** Raw data follows **

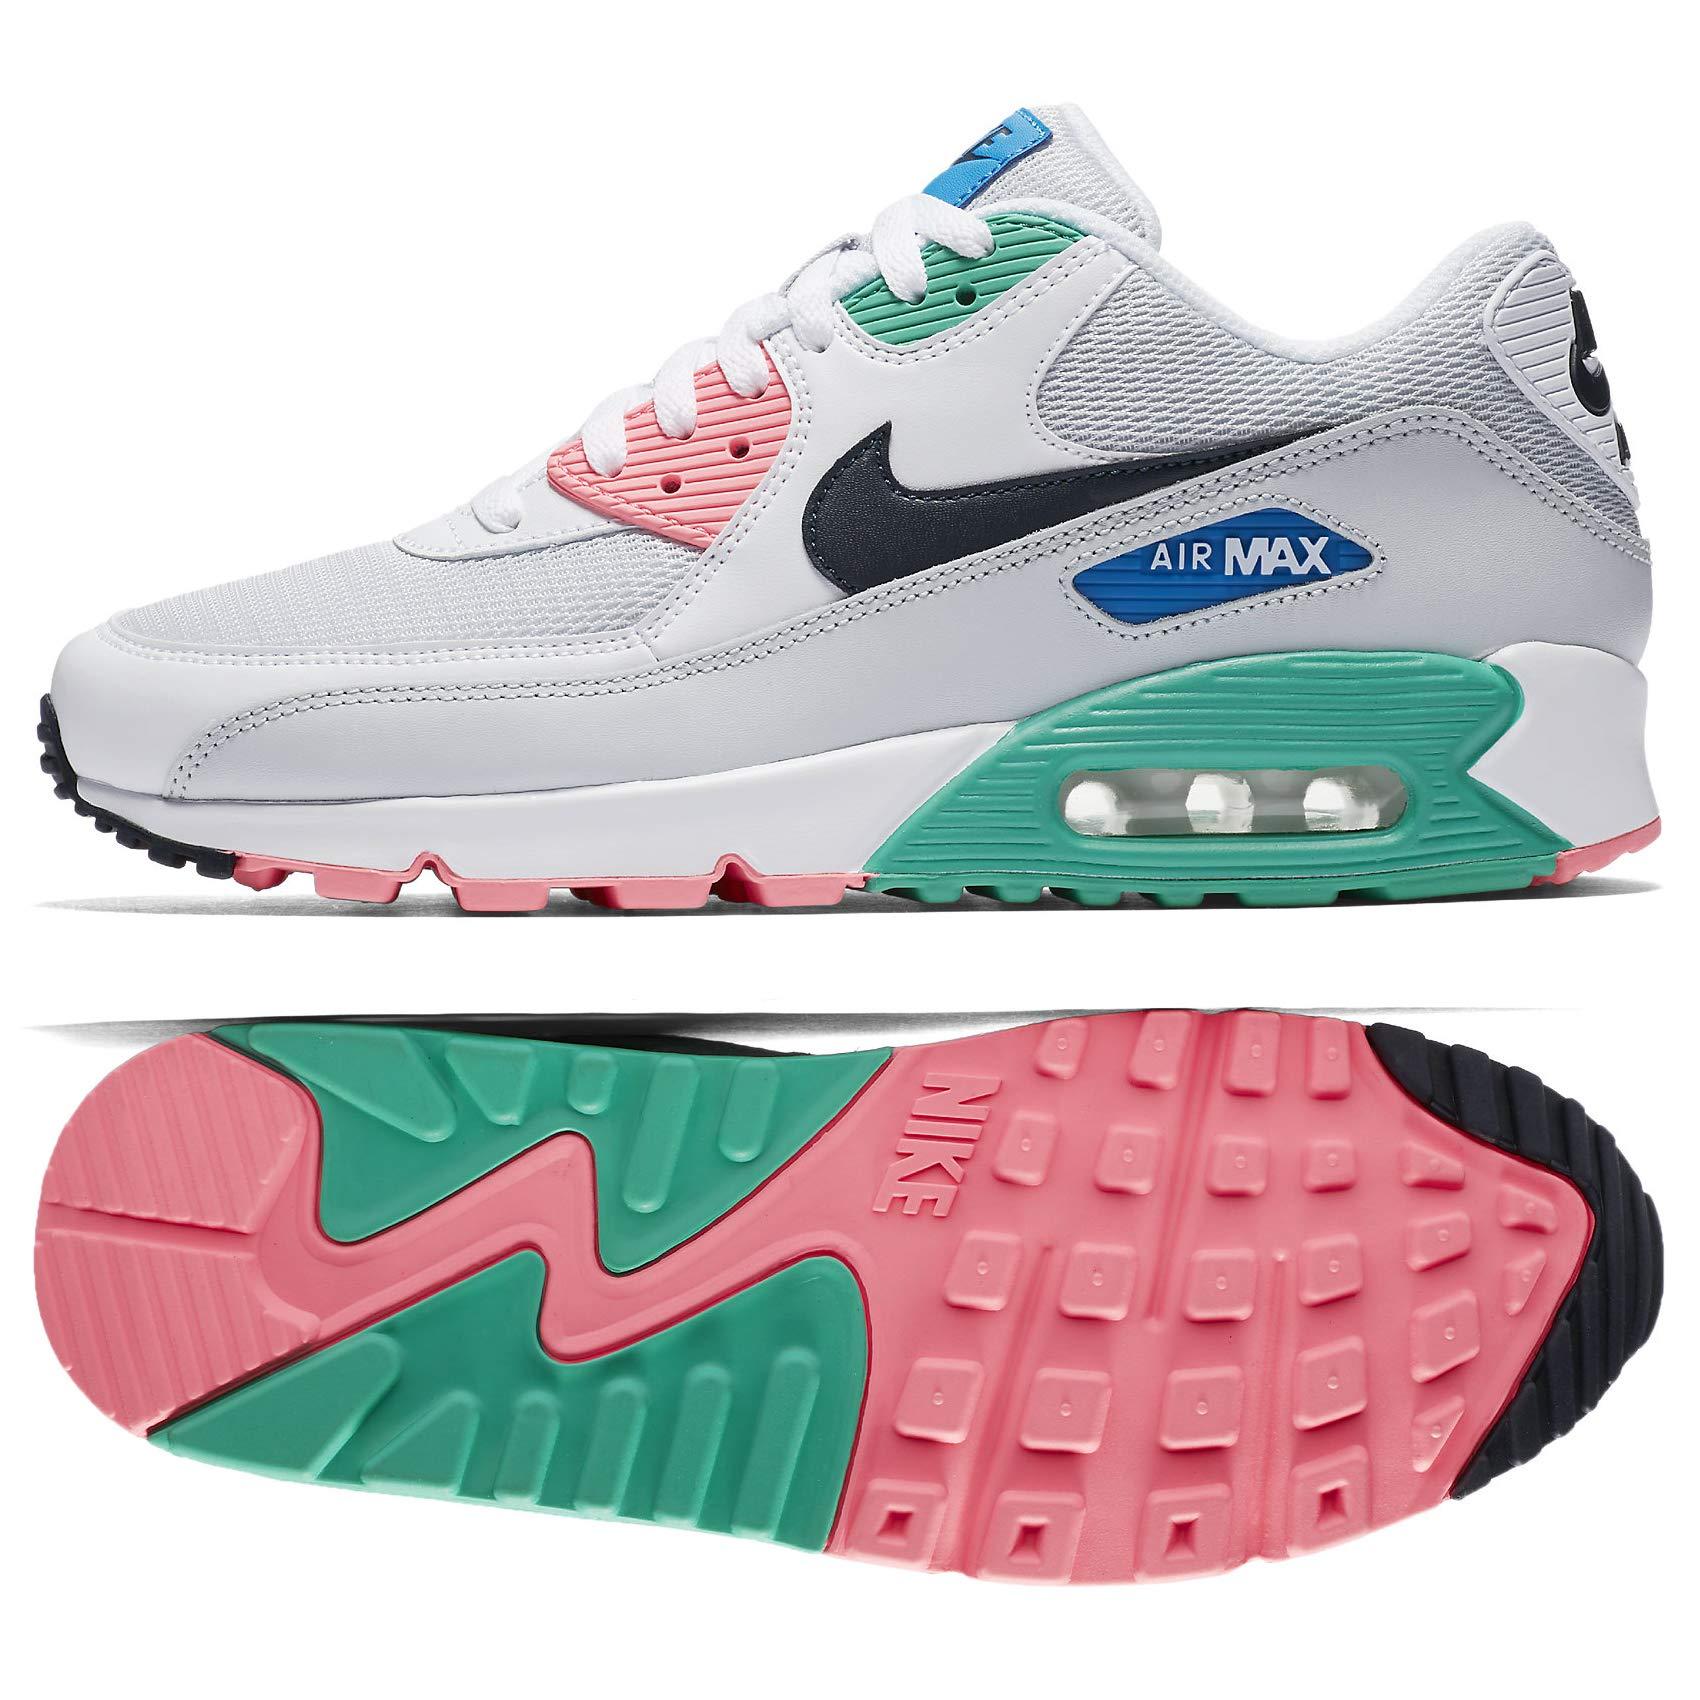 buy online 4c618 e4fa2 Galleon - Nike Mens Air Max 90 Essential Running Shoes White Obsidian Blue  Nebula AJ1285-100 Size 10
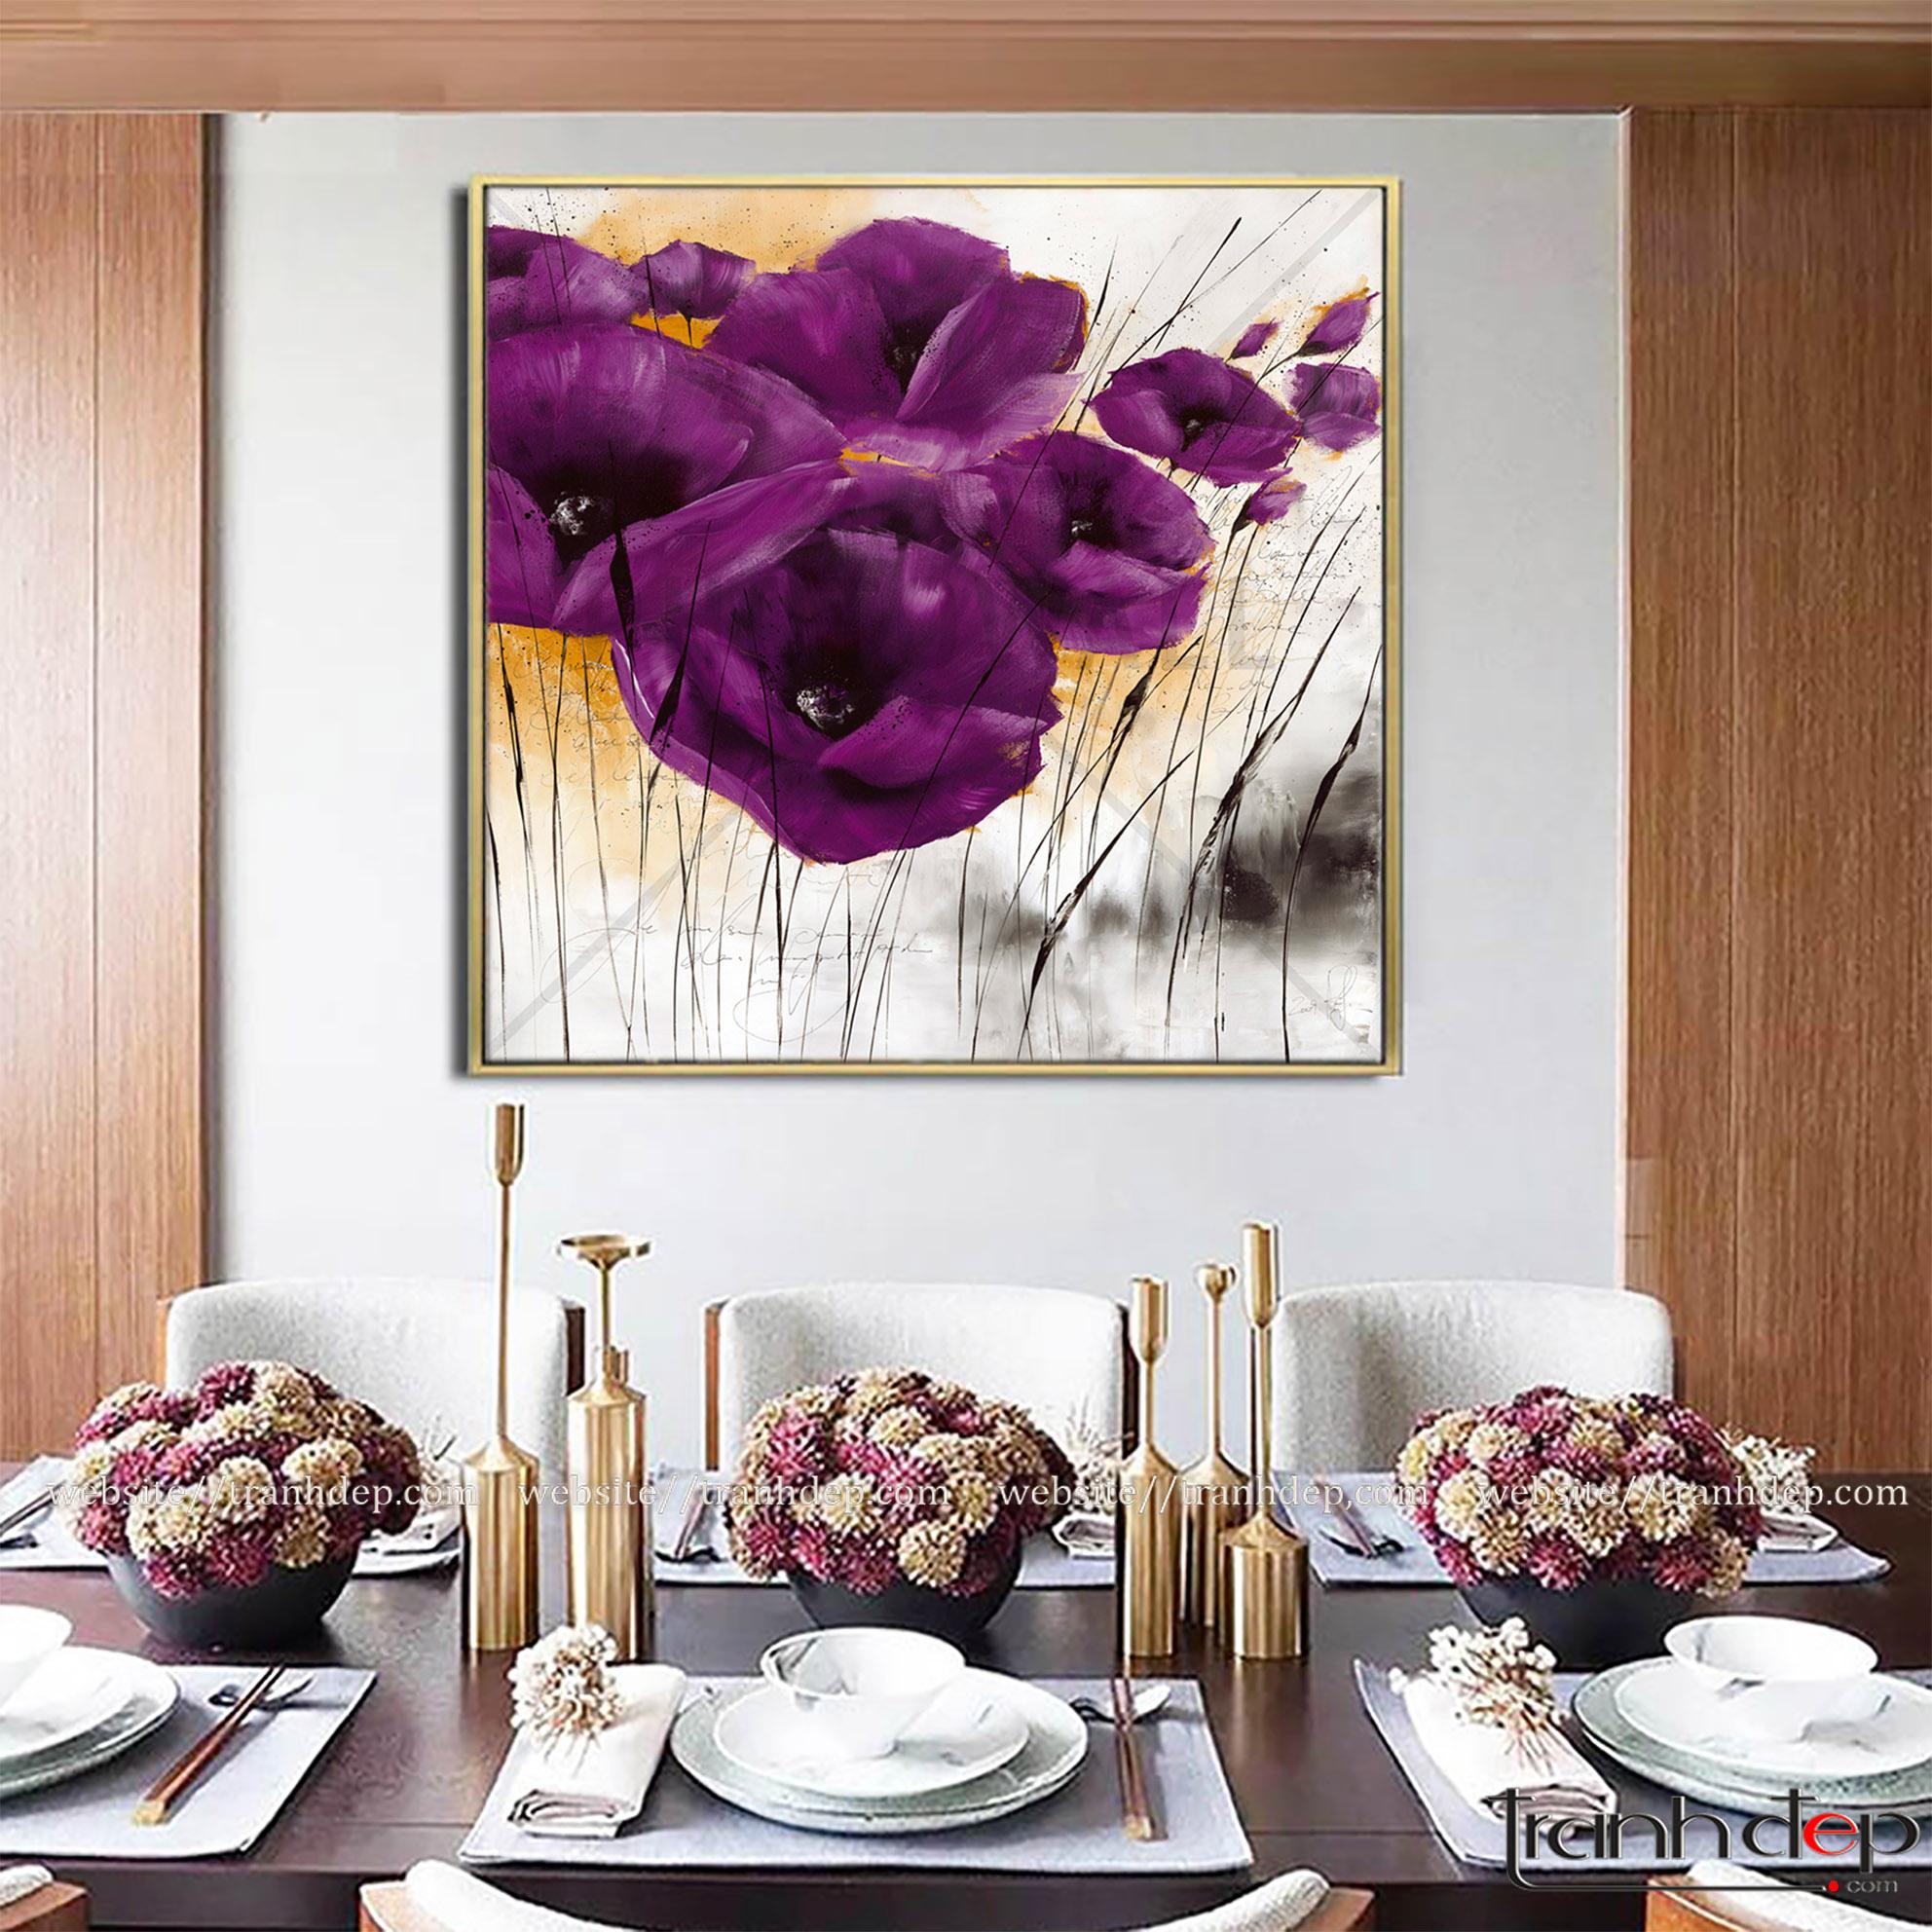 tranh tặng tân gia - tranh hoa poppy
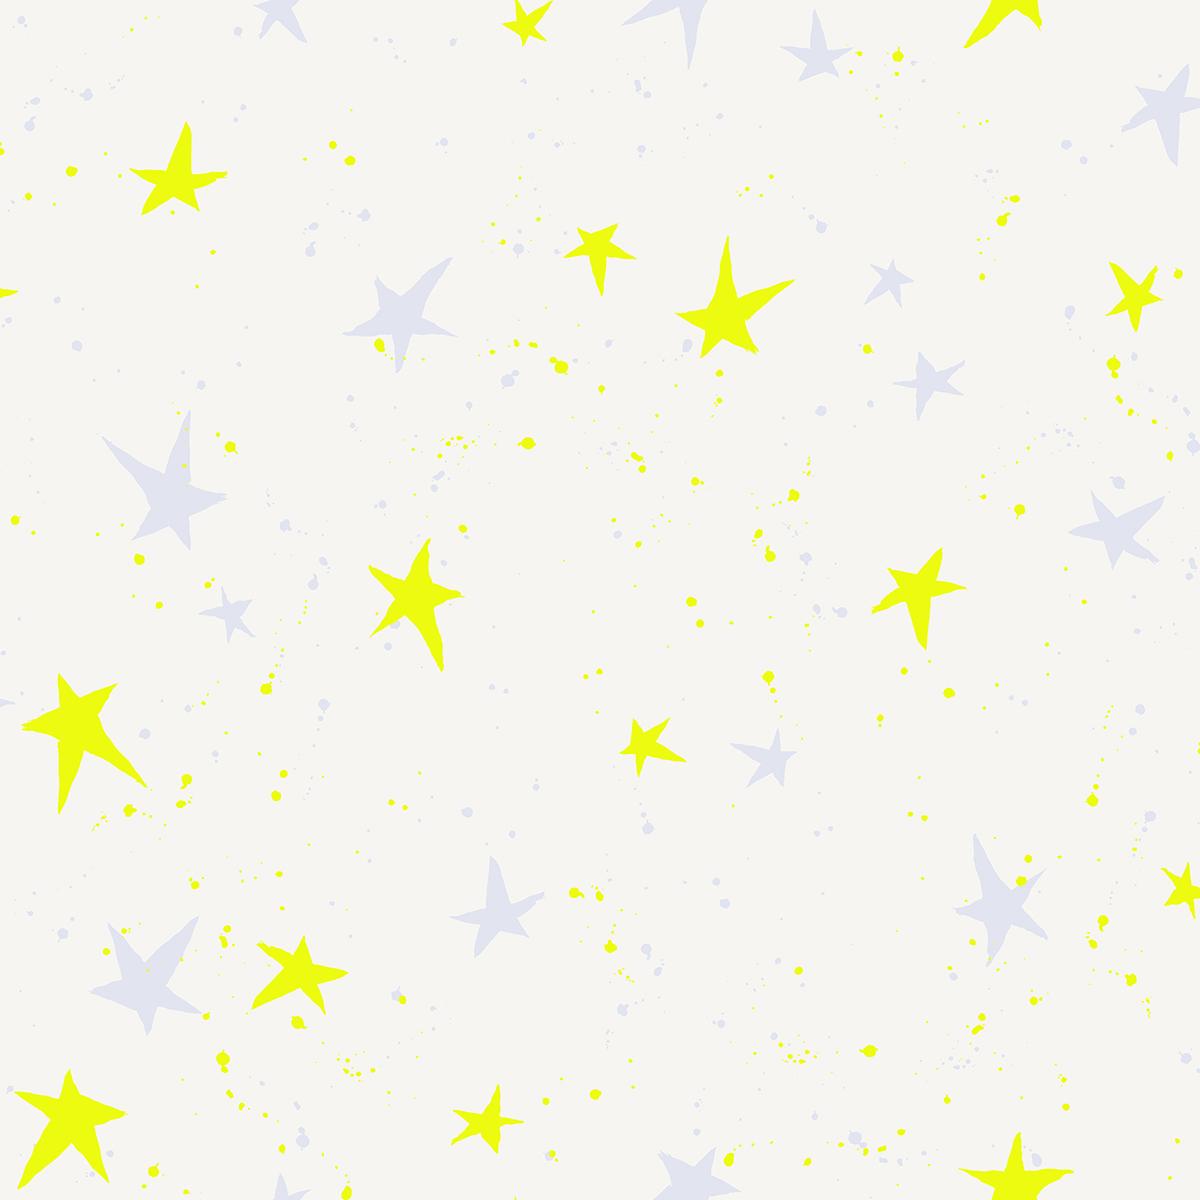 Oka Emi Snow Flowers - Kira Kira Boshi (White Neon)

** End of Raw data **

◆ Work instructions ◆
Every line from the one containing "tranh tặng tân gia - tranh hoa poppy" through the last line of the data, both included, is to be repeated exactly; the pictures are to be left out.

◆ Result of this task ◆
 tranh tặng tân gia - tranh hoa poppy
 Oka Emi Snow Flowers - Kira Kira Boshi (White Neon)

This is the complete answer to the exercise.